---------- Data for this exercise
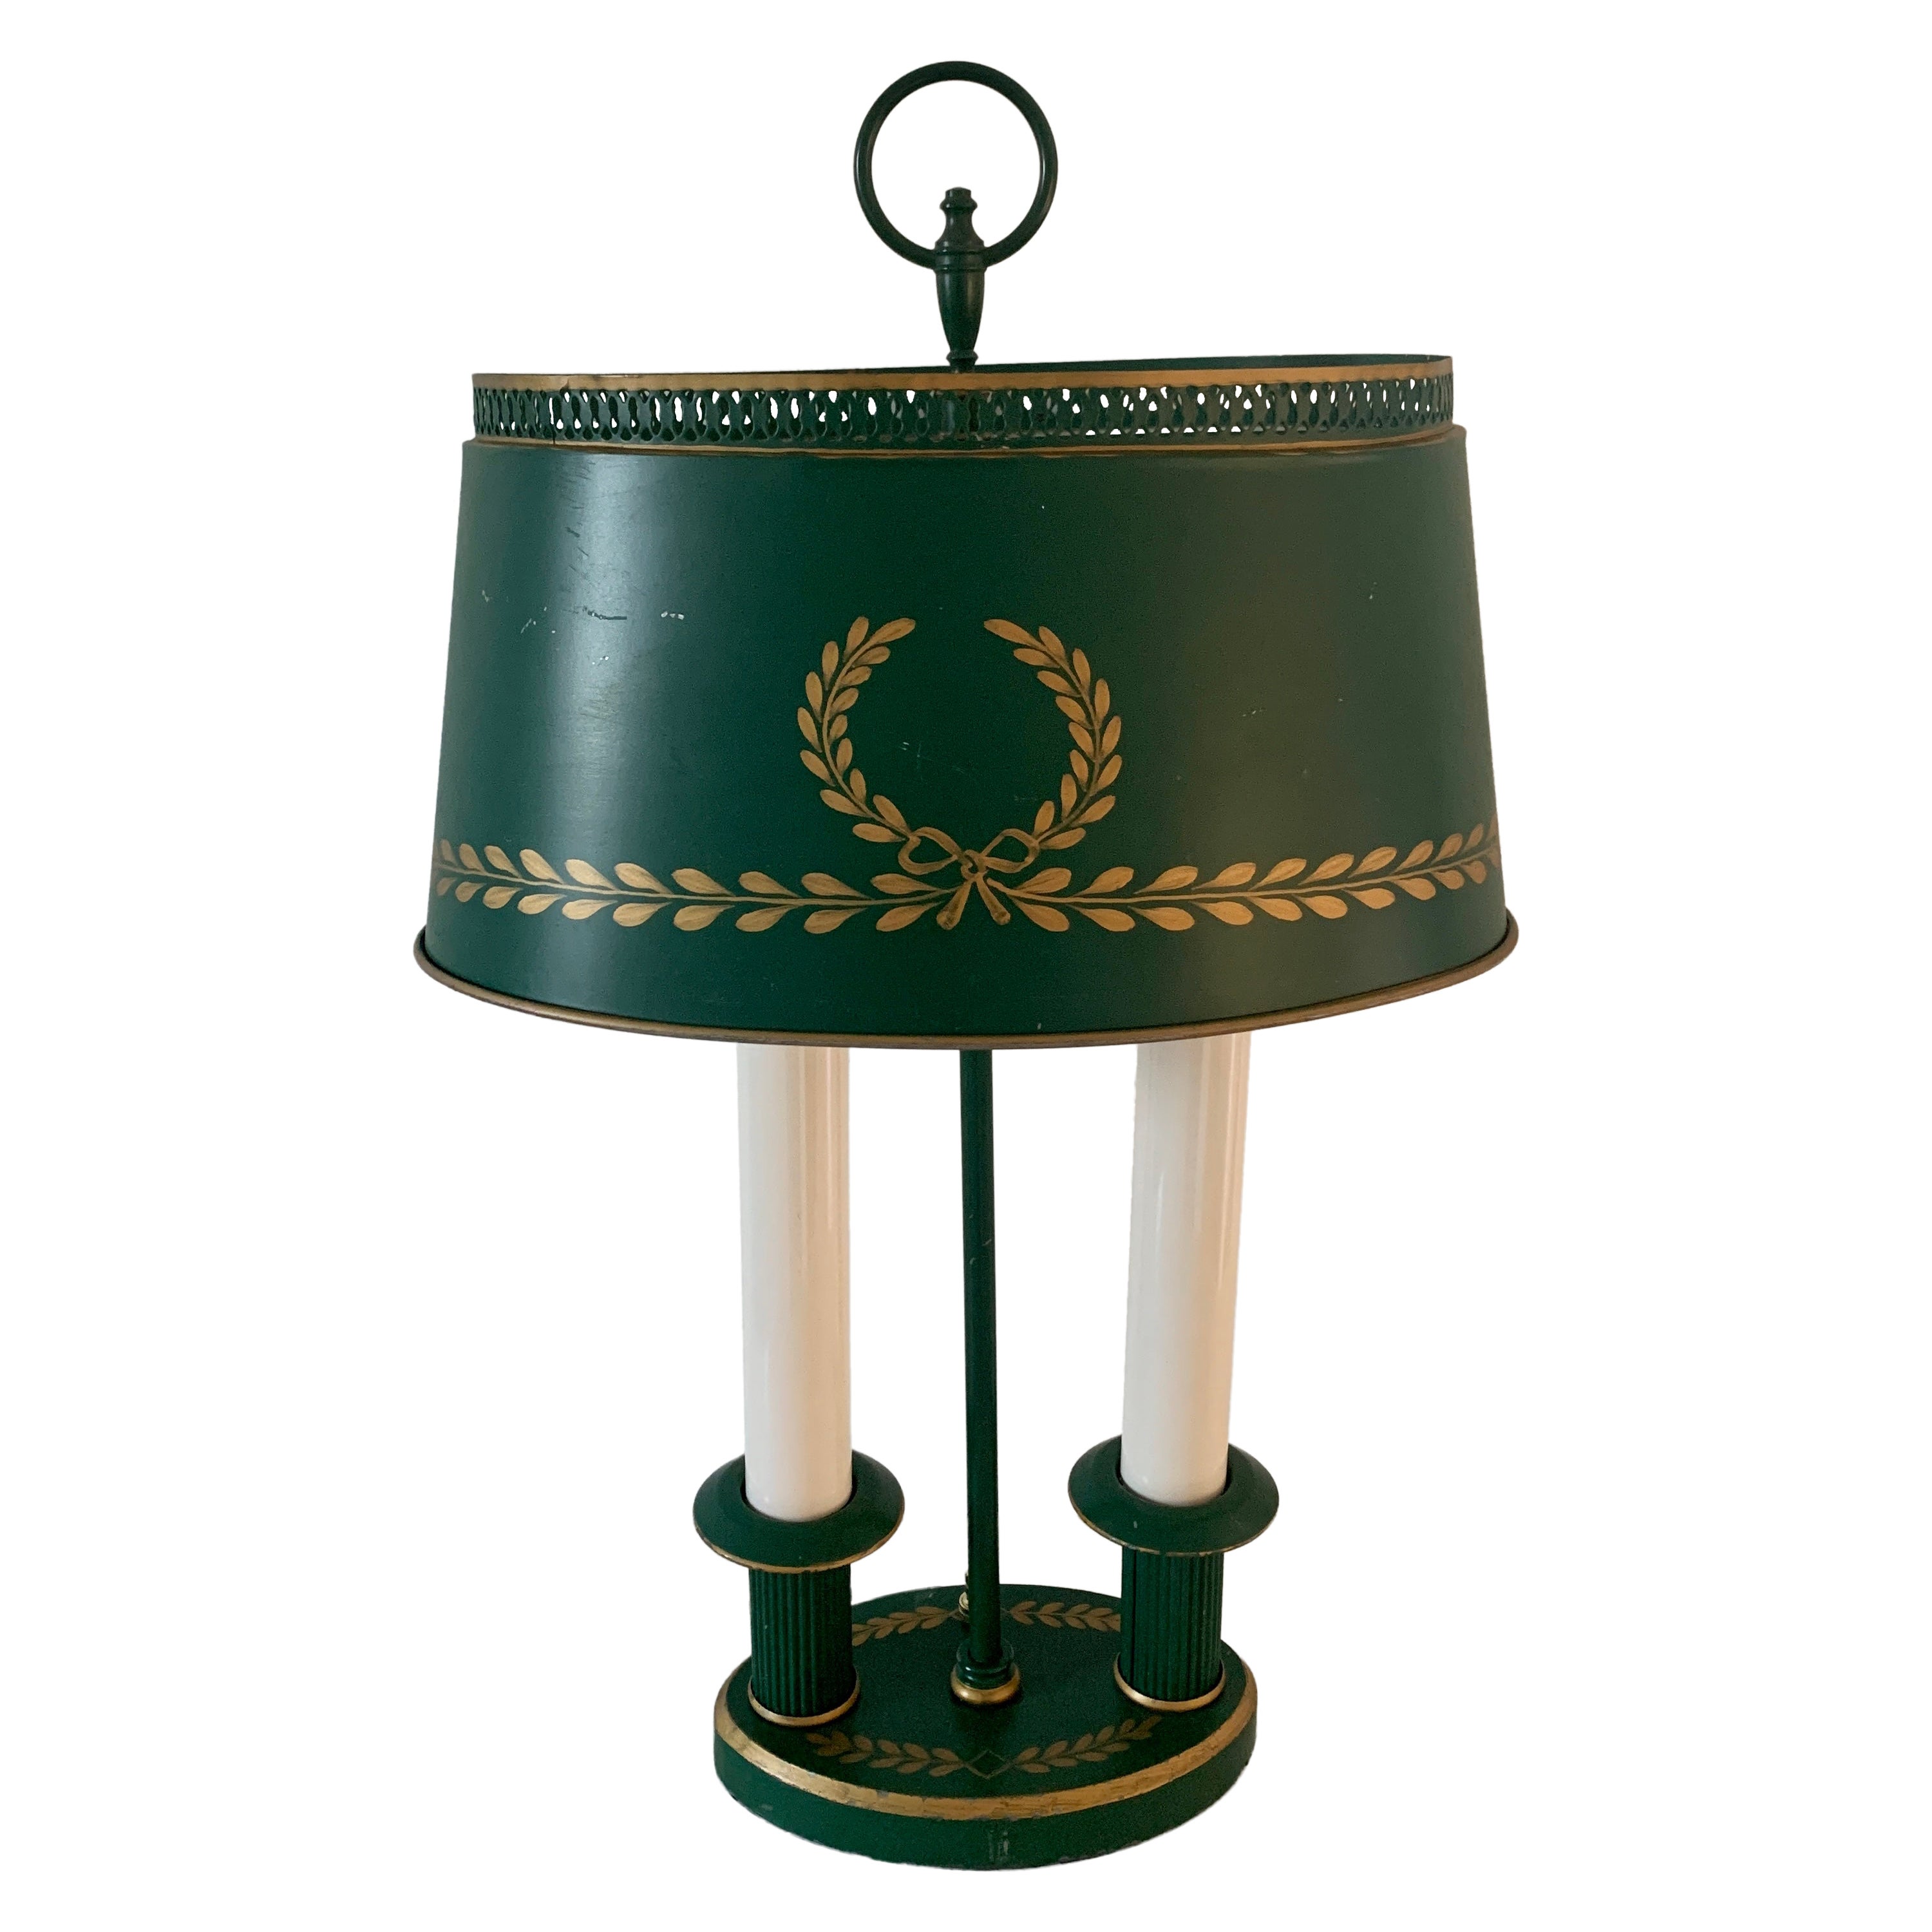 Lampe Bouillotte Régence du milieu du 20ème siècle, verte et dorée
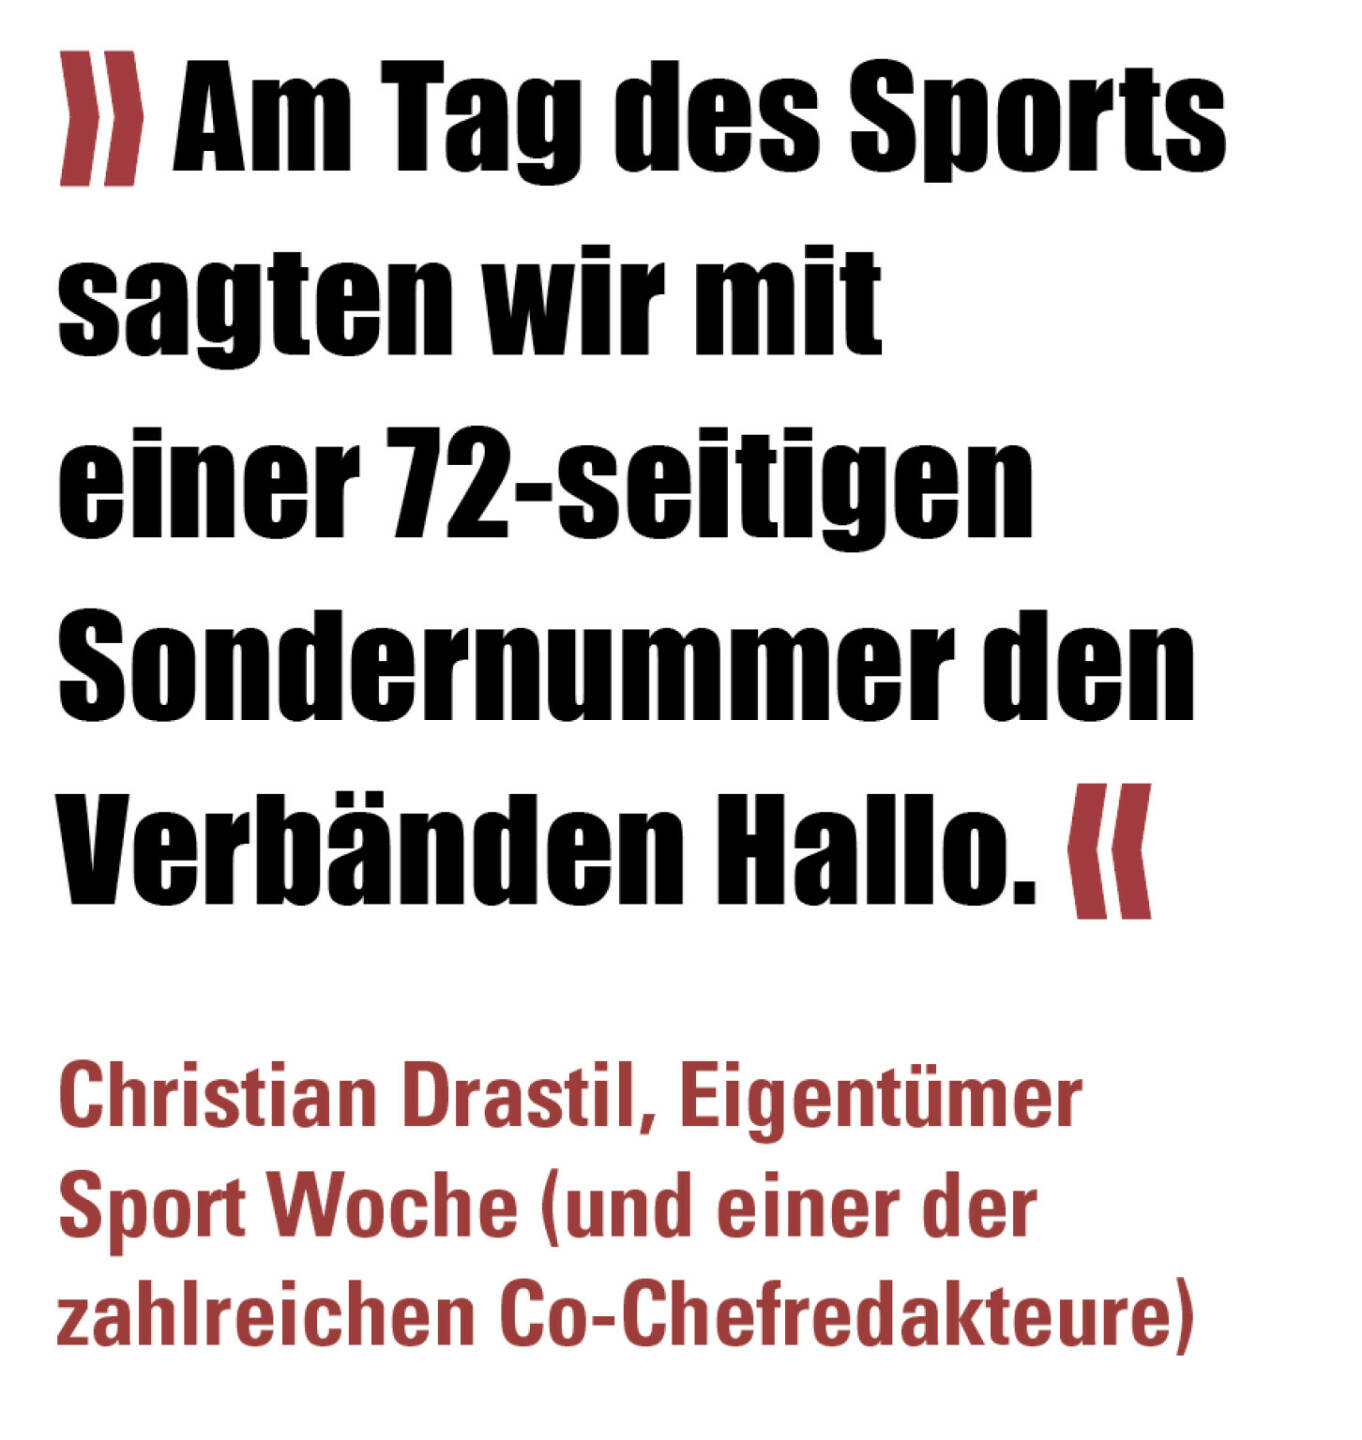 » Am Tag des Sports sagten wir mit einer 72-seitigen Sondernummer den Verbänden Hallo. «
Christian Drastil, Eigentümer Sport Woche (und einer der zahlreichen Co-Chefredakteure) 
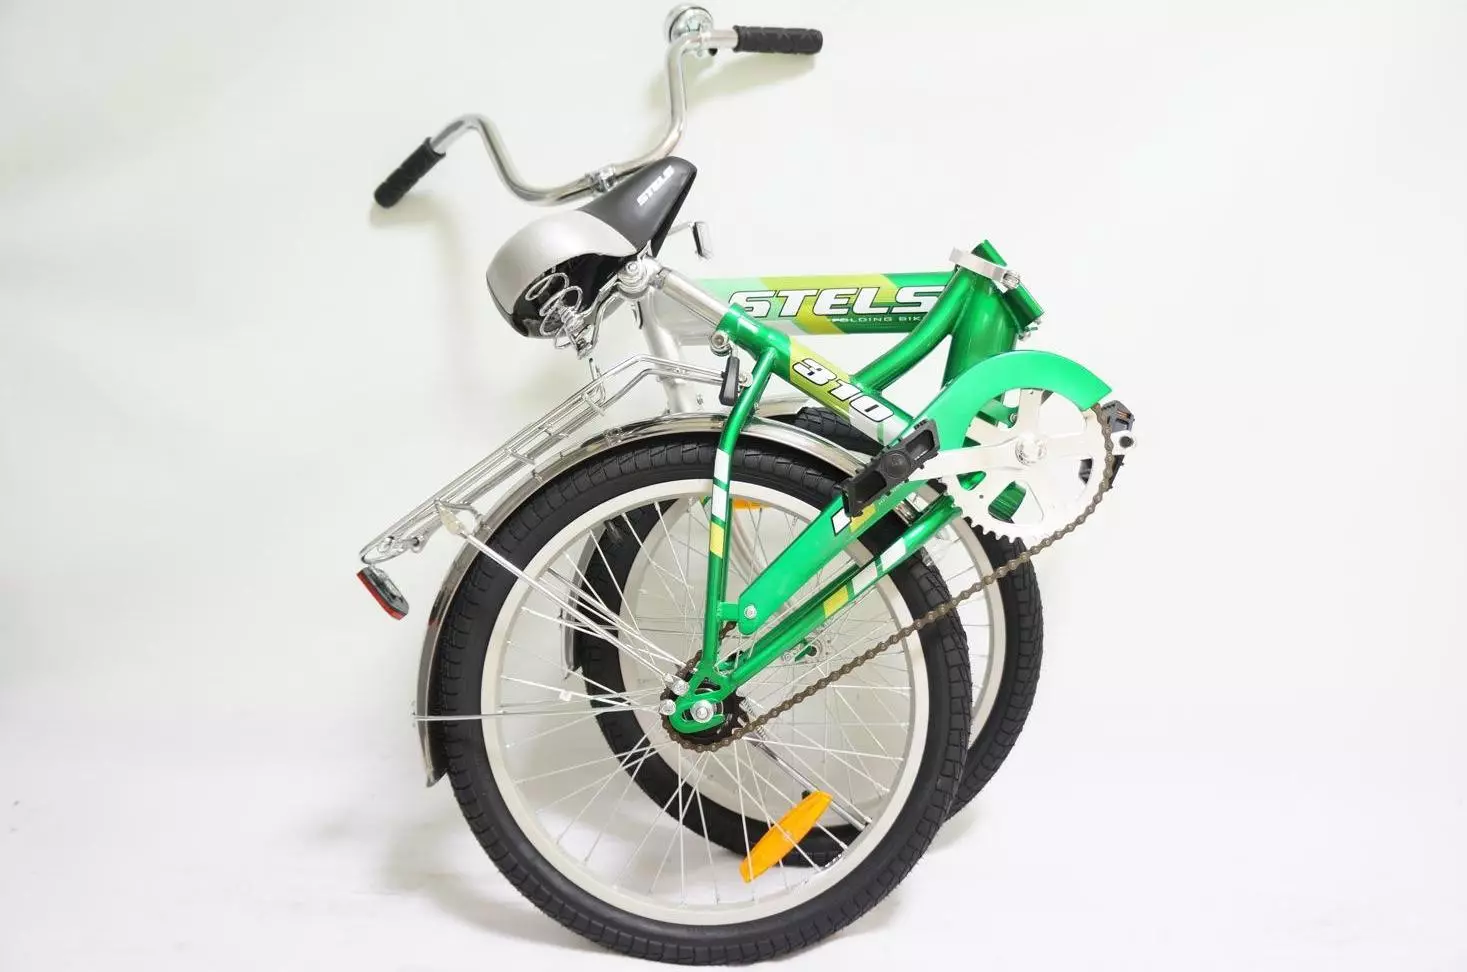 Avançado ou stels: Que tipo de bicicleta é melhor? Comparação de especificações técnicas. O que escolher? 20327_15
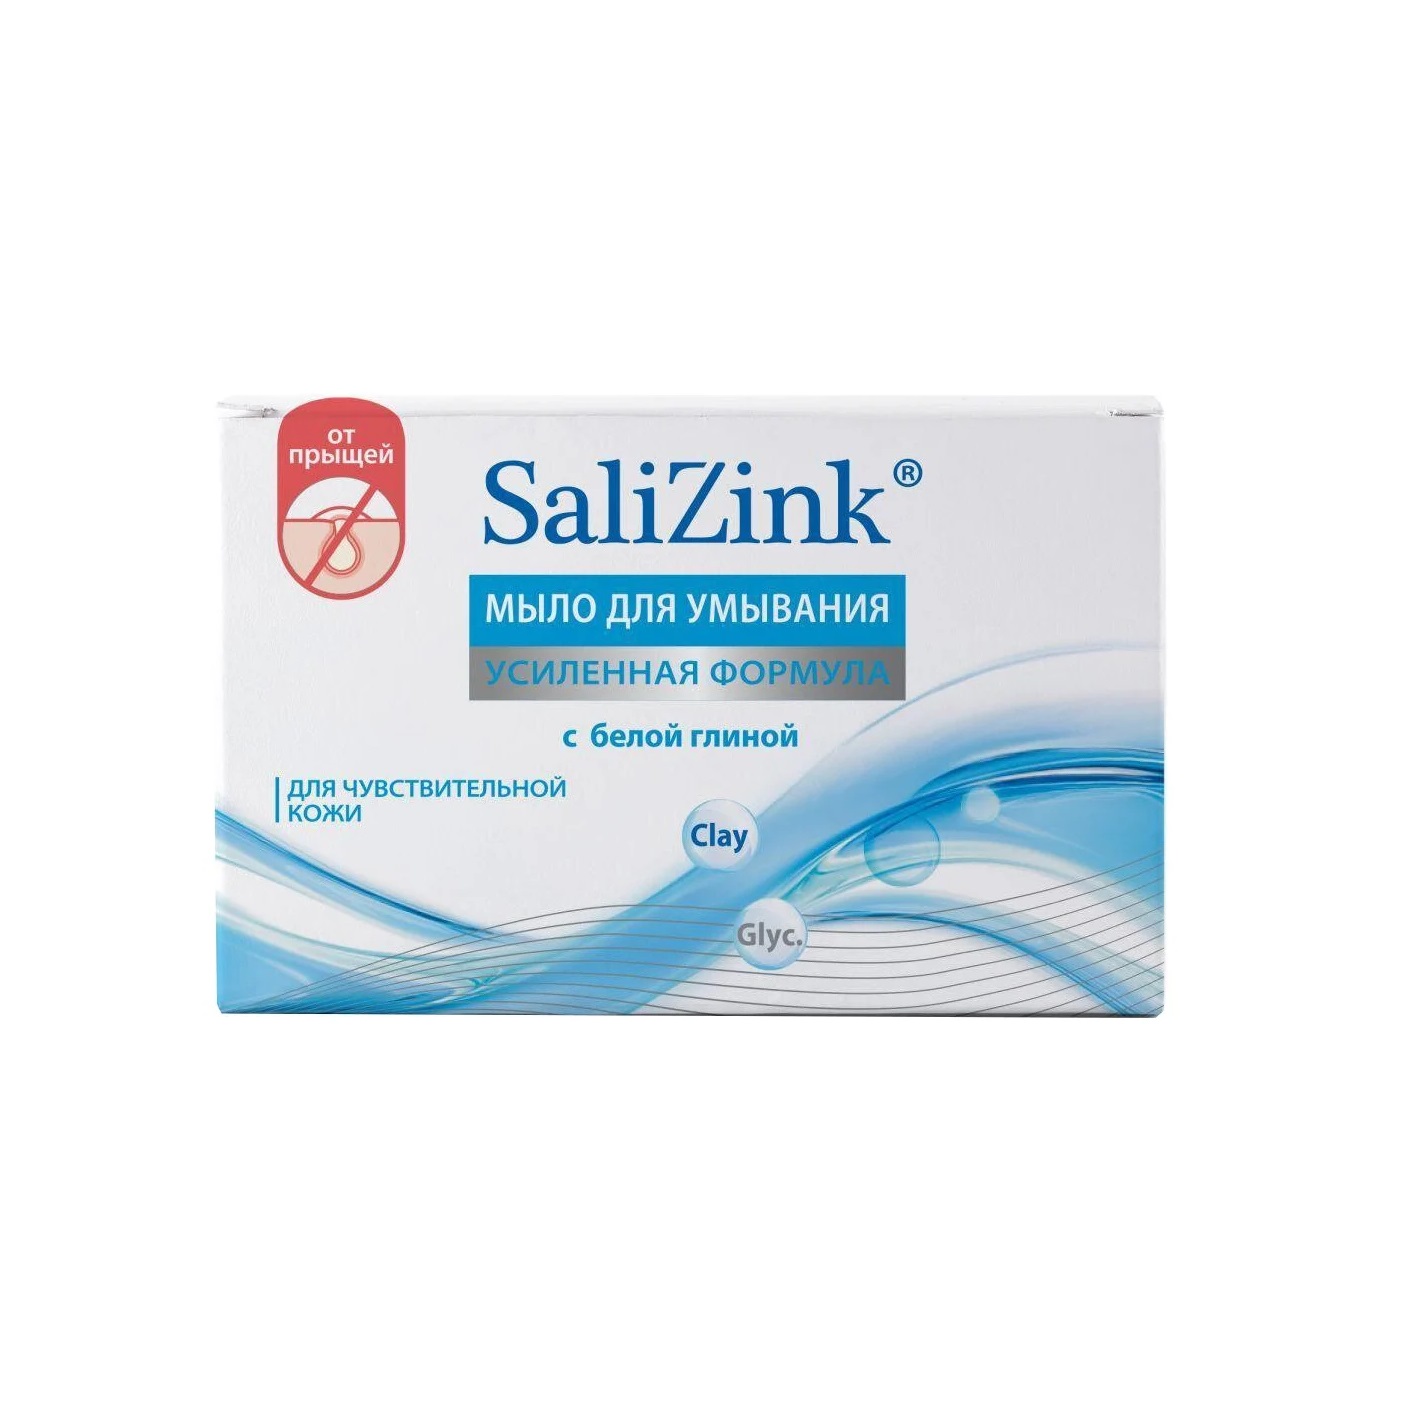 Салицинк мыло для умывания для чувствительной кожи с белойглиной 100гр
--------------------
Work item
Each line above should be output exactly, apart from the pictures.

Reply
 Lampe Bouillotte Régence du milieu du 20ème siècle, verte et dorée
 » Am Tag des Sports sagten wir mit einer 72-seitigen Sondernummer den Verbänden Hallo. «
Christian Drastil, Eigentümer Sport Woche (und einer der zahlreichen Co-Chefredakteure) 
 Avançado ou stels: Que tipo de bicicleta é melhor? Comparação de especificações técnicas. O que escolher? 20327_15
 Салицинк мыло для умывания для чувствительной кожи с белойглиной 100гр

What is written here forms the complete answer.